-- INFORMATION SUPPLIED follows --

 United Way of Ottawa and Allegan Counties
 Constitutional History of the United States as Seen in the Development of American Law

-- INFORMATION SUPPLIED concluded --
-- INFORMATION SUPPLIED follows --

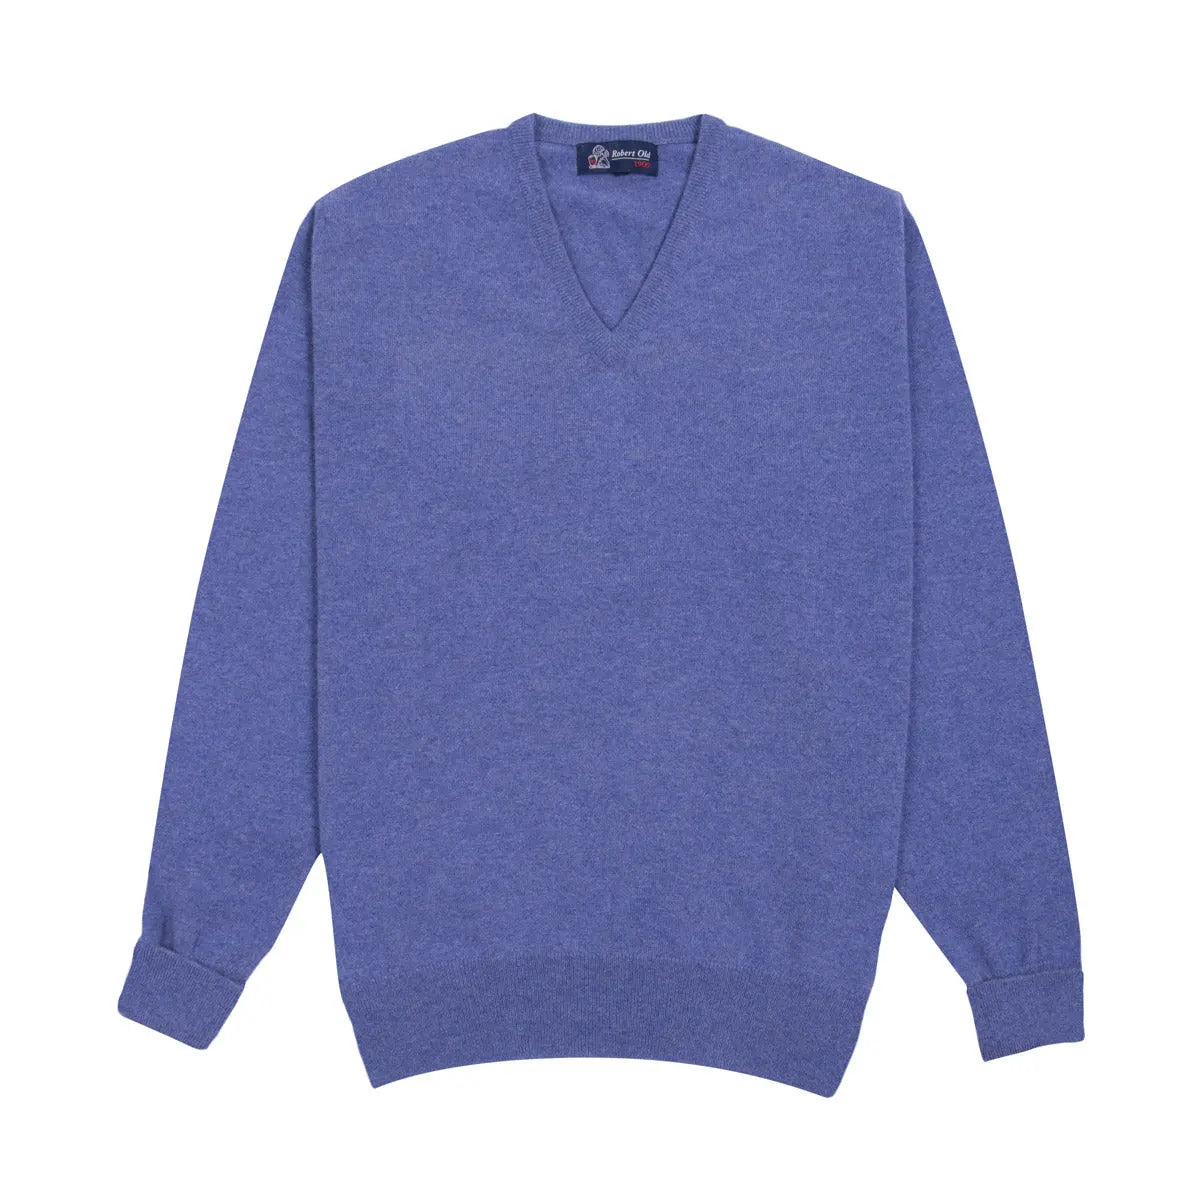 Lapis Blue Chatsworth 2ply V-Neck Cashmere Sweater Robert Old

-- INFORMATION SUPPLIED concluded --

**THE PROBLEM:**
Here the job is to set down exactly the lines of the material above that fall between the one with "United Way of Ottawa and Allegan Counties" and the one with "Constitutional History of", inclusive, and nothing beyond them.

**ANSWER FOR THE TASK:**
 United Way of Ottawa and Allegan Counties
 Constitutional History of the United States as Seen in the Development of American Law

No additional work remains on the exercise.